*Task statement:* Restate each entry exactly, without pictures.
Task material START
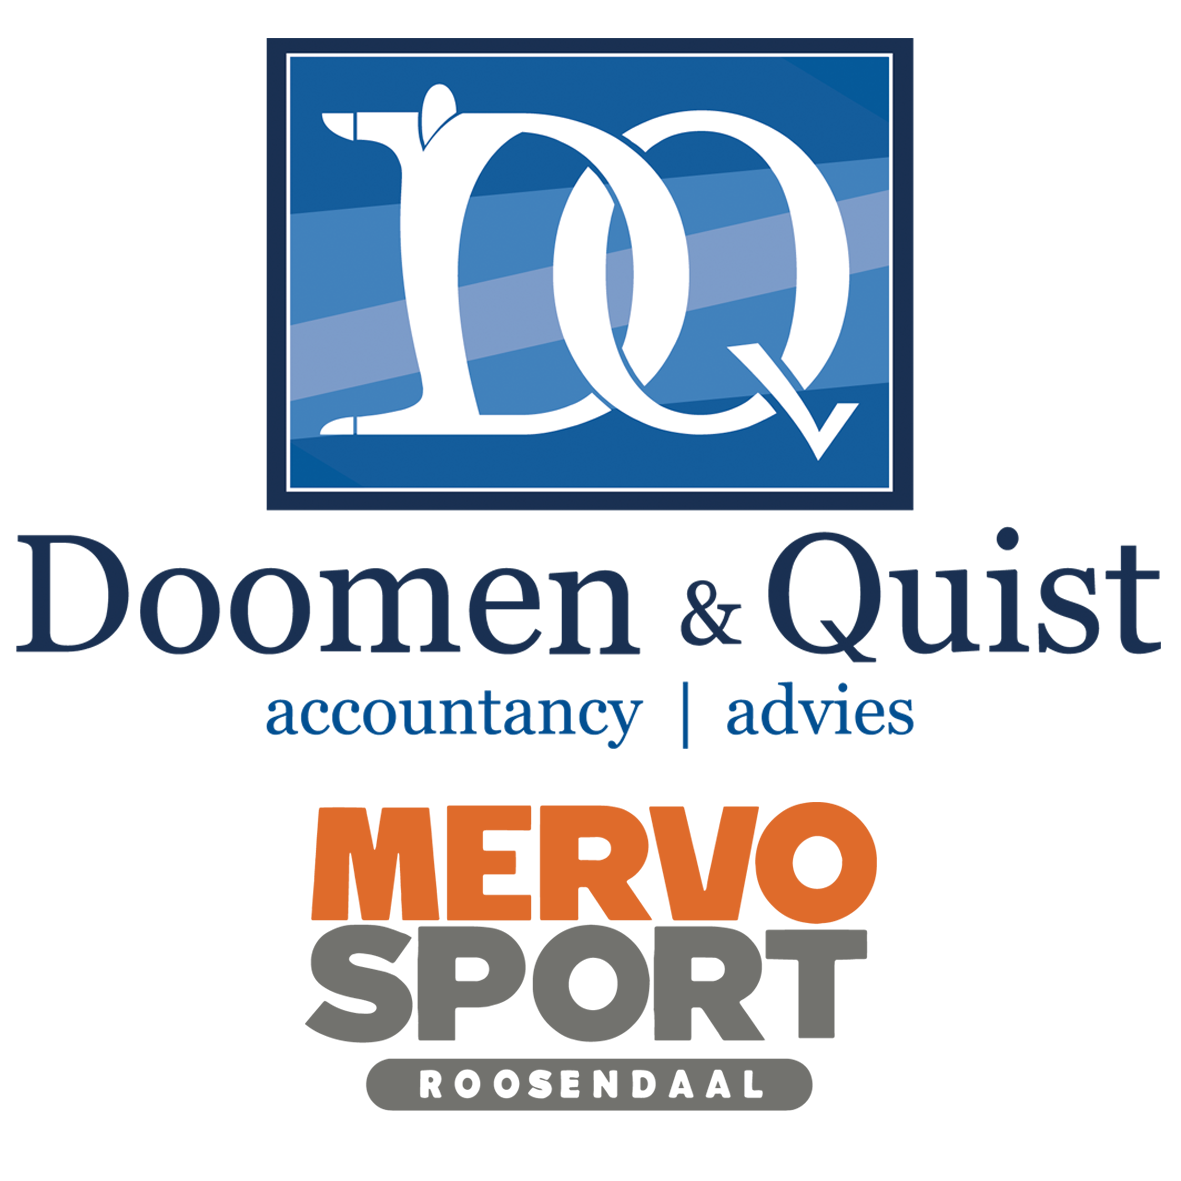 Doomen & Quist - Mervosport
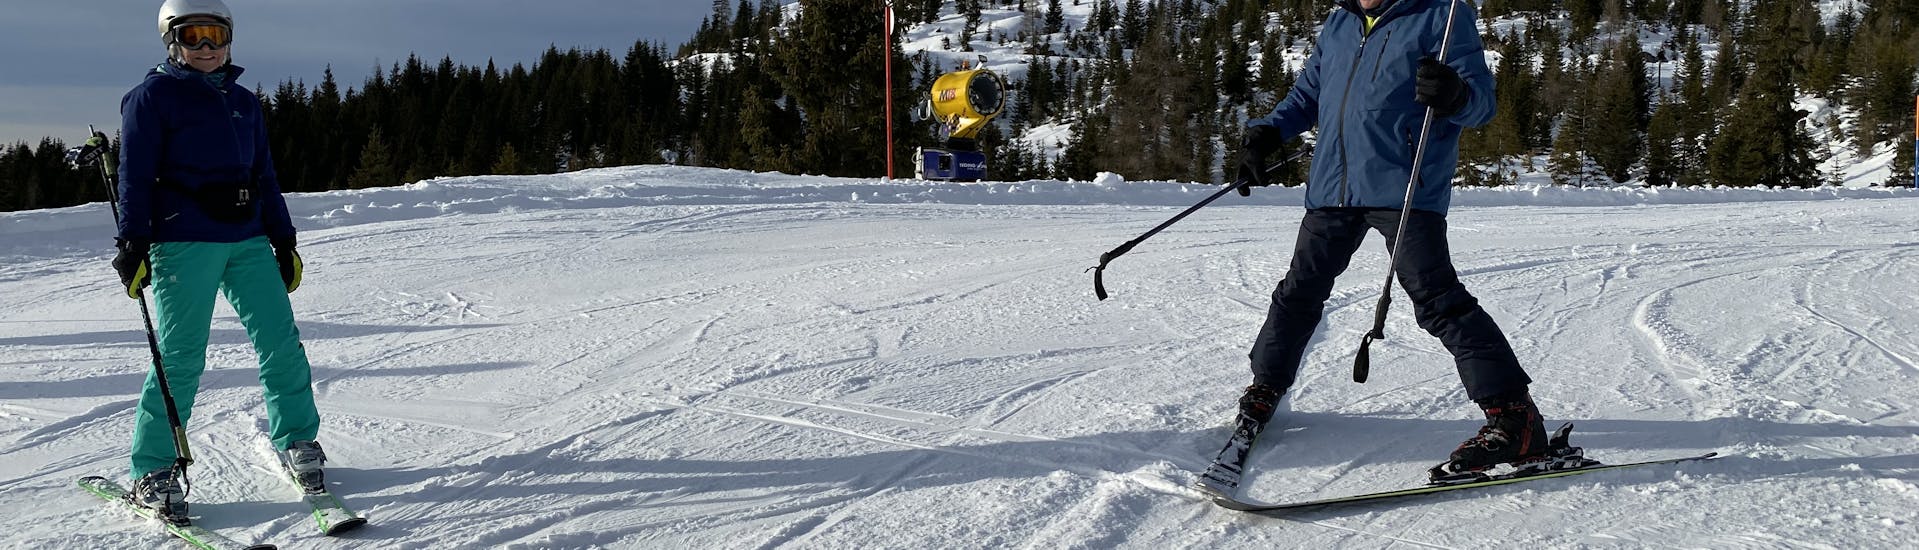 Zwei Skifahrer genießen die Pisten der Tauplitz beim Privaten Skikurs für Erwachsene für alle Levels.
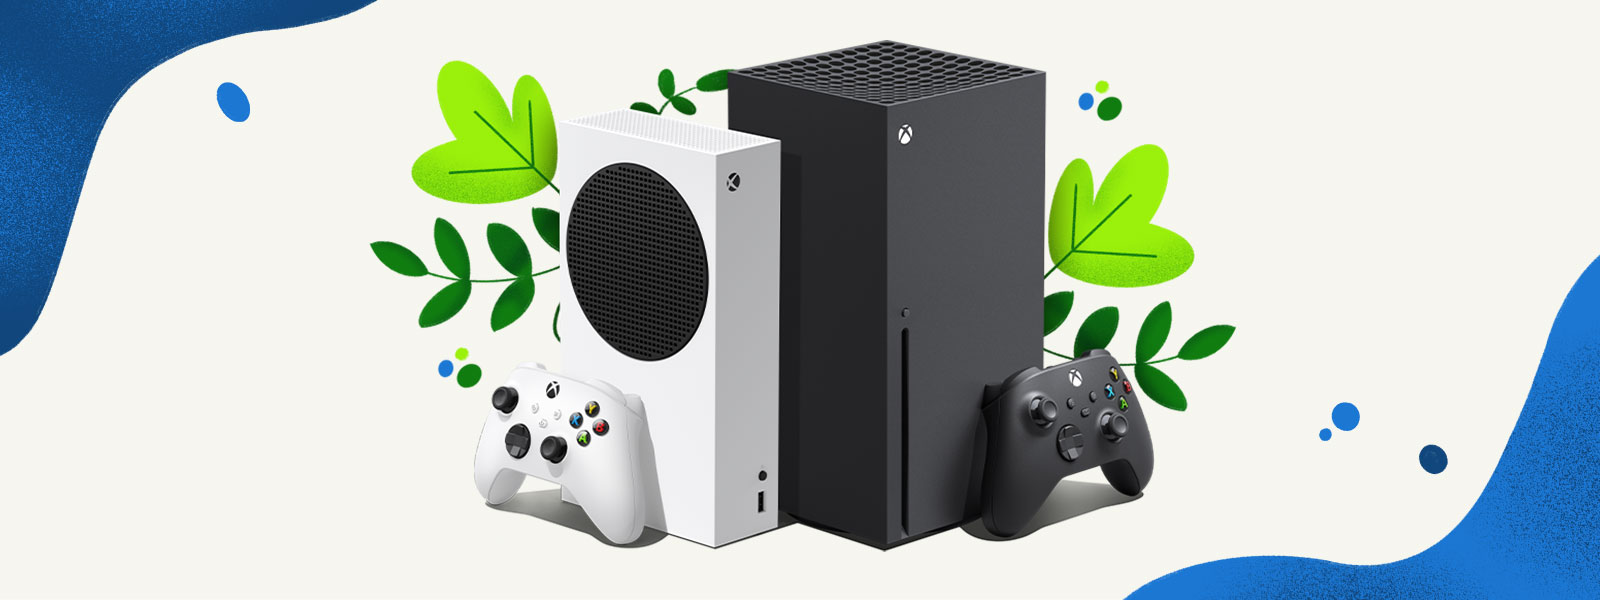 Konzole Xbox Series X a Xbox Series S stojí vedle sebe před pozadím zdobeným zelení a kapkami modré vody.
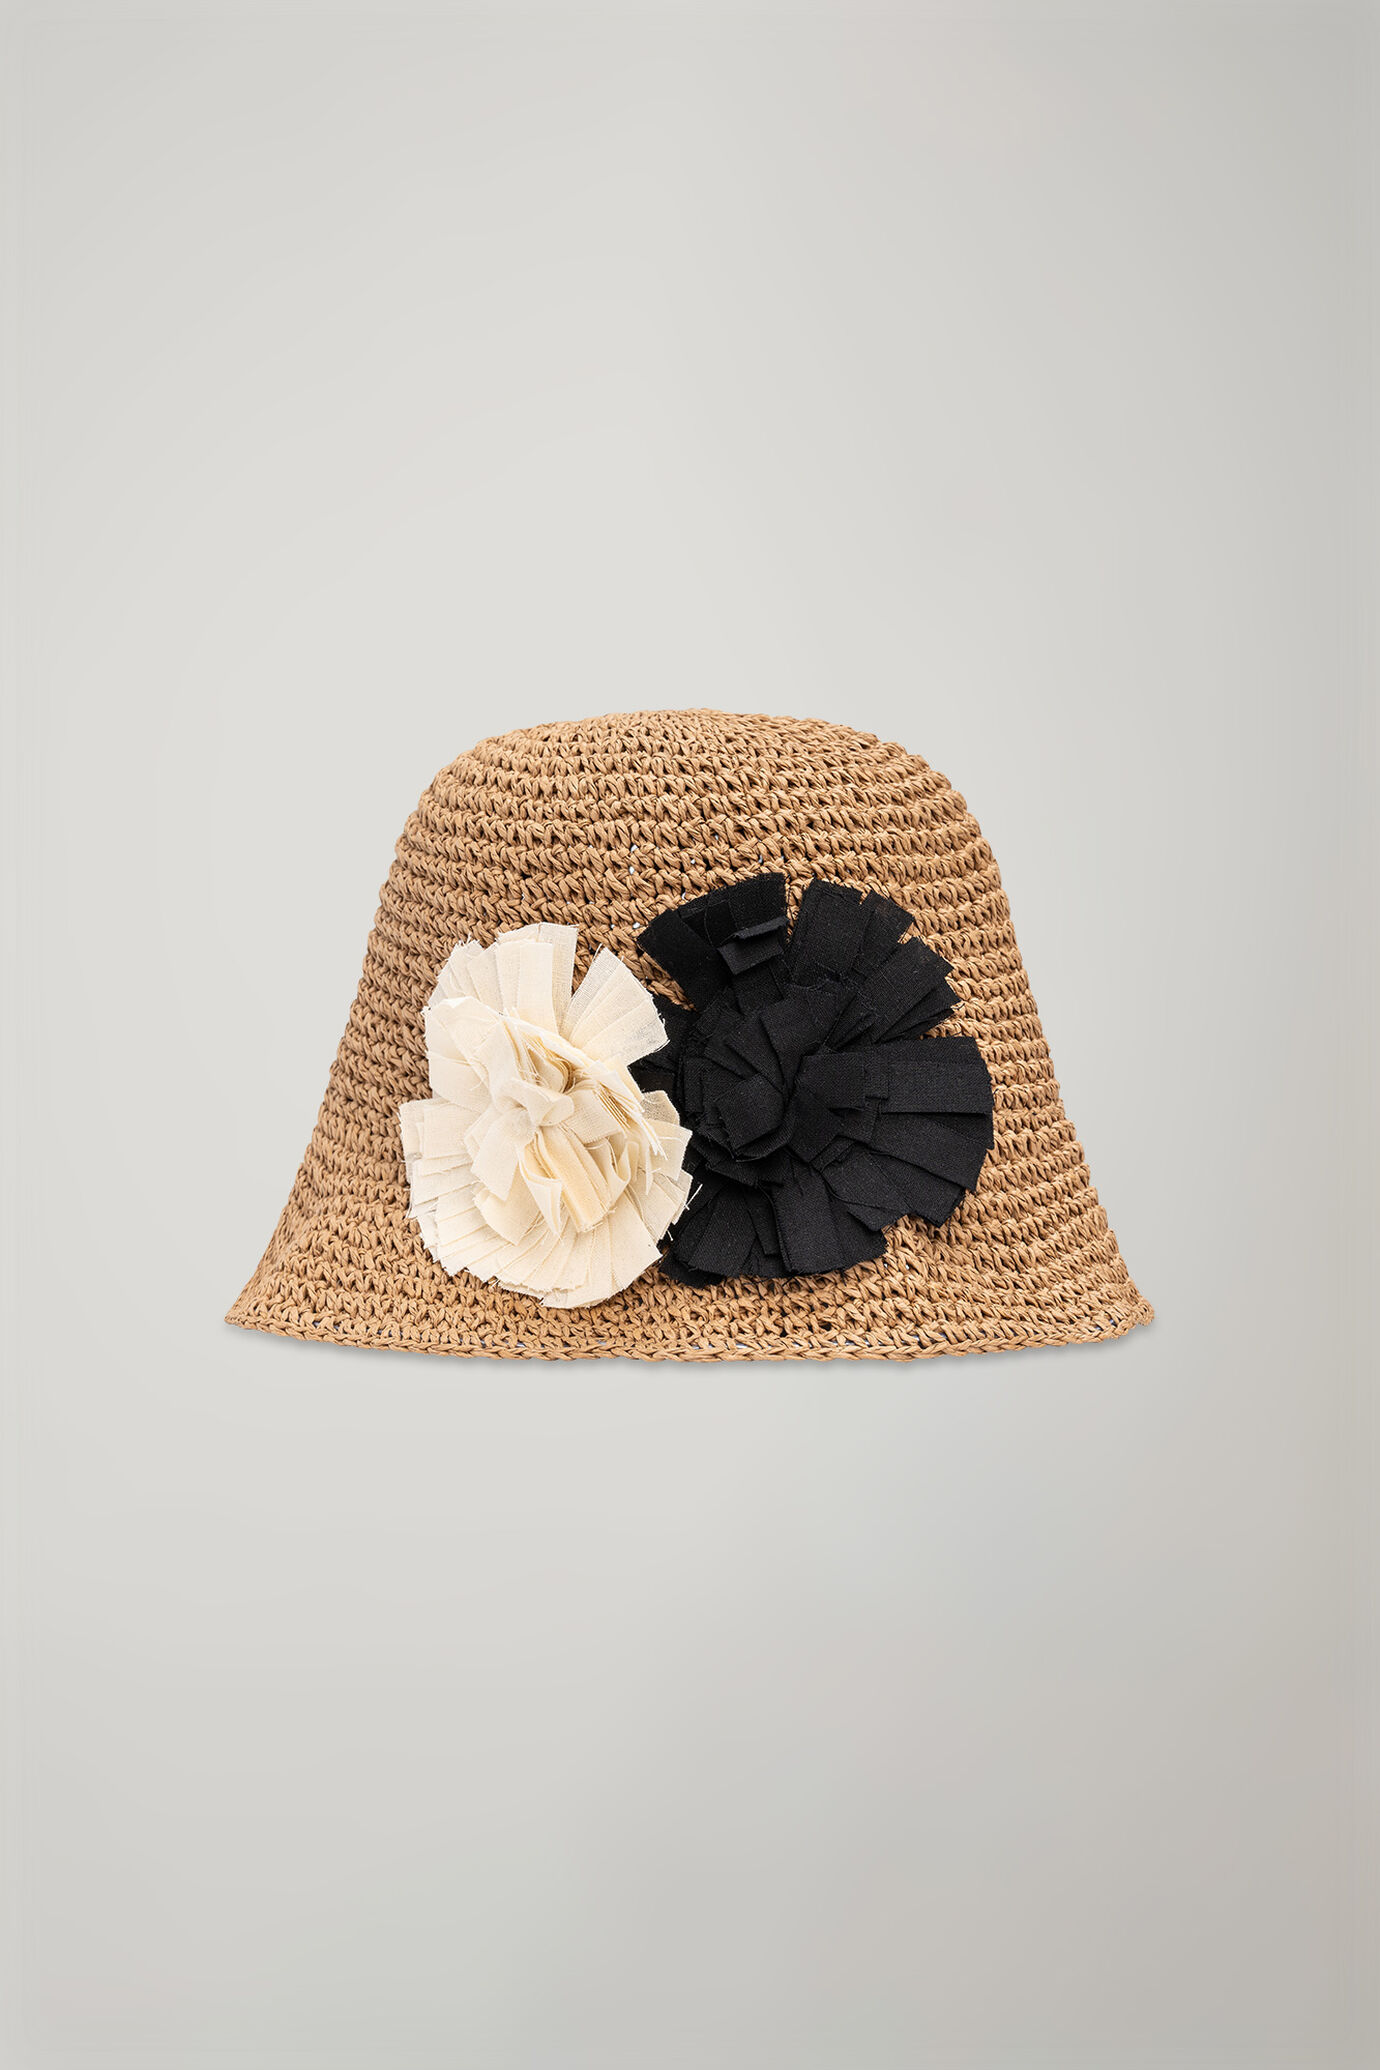 Women's hat in raffia
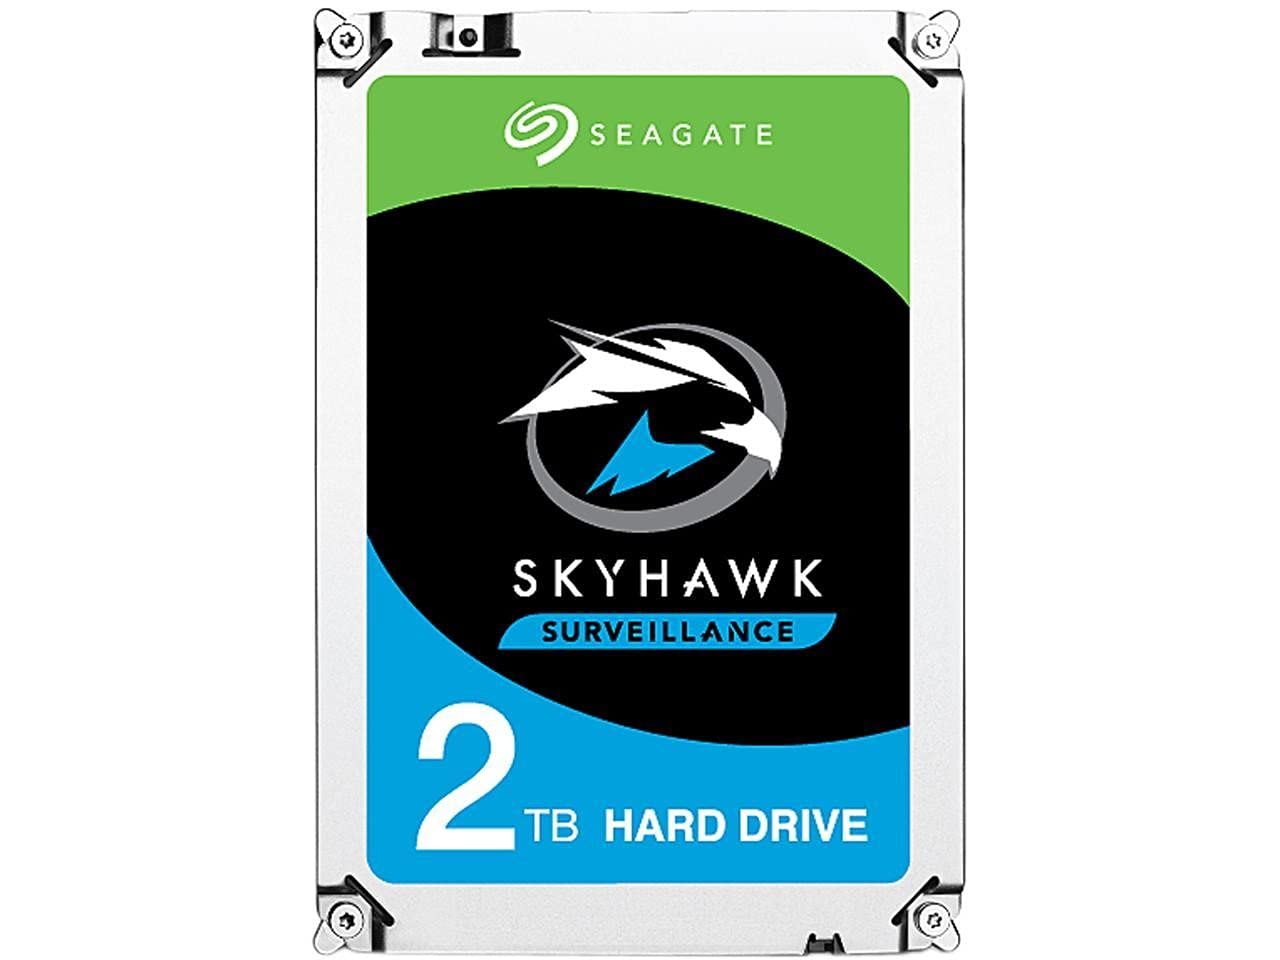 Seagate SkyHawk Surveillance 2TB Hard Drive
Task material END
*Exercise solution:*
 Doomen & Quist - Mervosport
 Zwei Skifahrer genießen die Pisten der Tauplitz beim Privaten Skikurs für Erwachsene für alle Levels.
 Konzole Xbox Series X a Xbox Series S stojí vedle sebe před pozadím zdobeným zelení a kapkami modré vody.
 Women's hat in raffia
 Seagate SkyHawk Surveillance 2TB Hard Drive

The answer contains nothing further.